Deposit requires an interaction between the depositor and the Repository, and has the following components.
Accessioning and Processing are internal Repository functions. Accessioning means to move the deposit from the place where it was originally transferred into a place where it can be managed. Processing means to take the deposited and accessioned content, and the description of that content, and package it according to established standards for packaging digital content, such as METS, and best practices for the application of those standards.
In addition to its core function of ensuring the physical and logical persistence of the digital content it contains, and in addition to a Deposit function, a digital repository may support a Discovery function, and must support an Access (Delivery) function. Deposit, Discovery and Access functions all presuppose answers to the questions, Who may Deposit? Who may Discover? and Who may Access? Who may Deposit has been addressed above. Who may Discover and Who may Access are determined by the rights and permissions associated with the deposited content. In addition, some materials present the additional question, When may these be accessed? For example, some archival materials are embargoed for some period of time (e.g., 25 years) before access is allowed.
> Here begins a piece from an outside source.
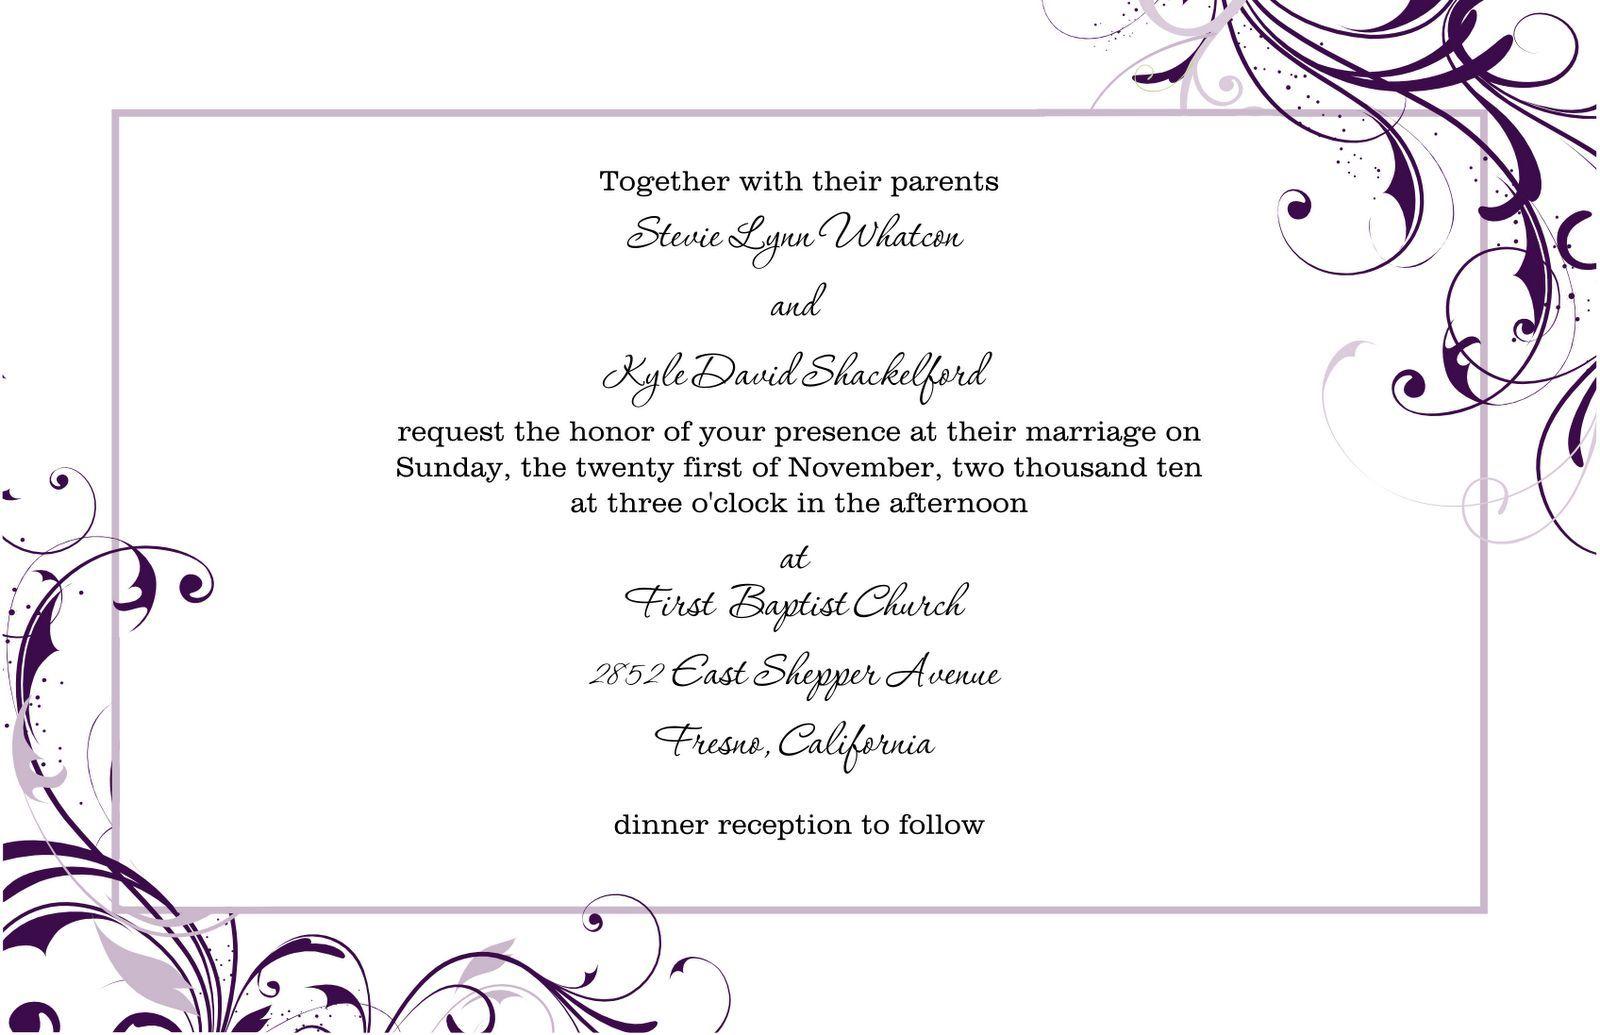 Chalkboard christmas invitation card template. Free Microsoft Word Wedding Invitation Templates Free Wedding Invitation Templates Blank Wedding Invitation Templates Wedding Invitation Layout

Because these rights and permissions issues considerably complicate automation, implementing Discovery and Access functions for the Digital Repository is being implemented after implementation of the Deposit function. Currently, the Repository supports viewing simple lists of what has been deposited at http://repository.lib.uchicago.edu/; an RSS feed has also been implemented for convenience. Access is currently mediated, by sending email to repository@lib.uchicago.edu. More sophisticated Discovery functions for materials for which there are no rights and permissions issues are being built. The first of these will take the form of an OAI-PMH (Open Archives Initiative - Protocol for Metadata Harvesting) provider, allowing services that know how to harvest from OAI-PMH providers to extract metadata for freely available content; these metadata will have been created for such content from the originally deposited metadata. More interactive Discovery mechanisms are being considered, but any forward motion on this path must be preceded by the question, How should Repository discovery interoperate with other Library discovery services such as LENS, or discovery services that are being contemplated as part of Project Bamboo? In other words, rushing to create yet another silo'd interface, instead of thinking carefully about how a repository might best interoperate with what exists or is being contemplated, is neither well thought-out, nor coordinated, and potentially not cost-effective, not at any time, but especially not in this economic climate which restricts available resources for all of the Library's initiatives.
The University of Chicago Library's Digital Repository is not a so-called institutional repository. An institutional repository as currently construed is designed to hold the scholarly or research output of an institution, specifically faculty publications or pre-publications, but institutional repositories do not necessarily guarantee the persistence through time of the content they contain. They are designed primarily for public access and discovery. Though the Digital Repository may in future support public access and discovery for some materials, its primary purpose is to ensure the preservation of digital content selected by recognized selection processes. If the University were to impose a "self-archiving mandate," discovery and access for content deposited according to that mandate would have to be provided, but the need for the Digital Repository as a place to preserve content indefinitely would not go away; either the Repository would have to provide these functions itself for these materials, or it might serve as the preservation component of systems that already provide these functions, such as DSpace, EPrints, or Fedora.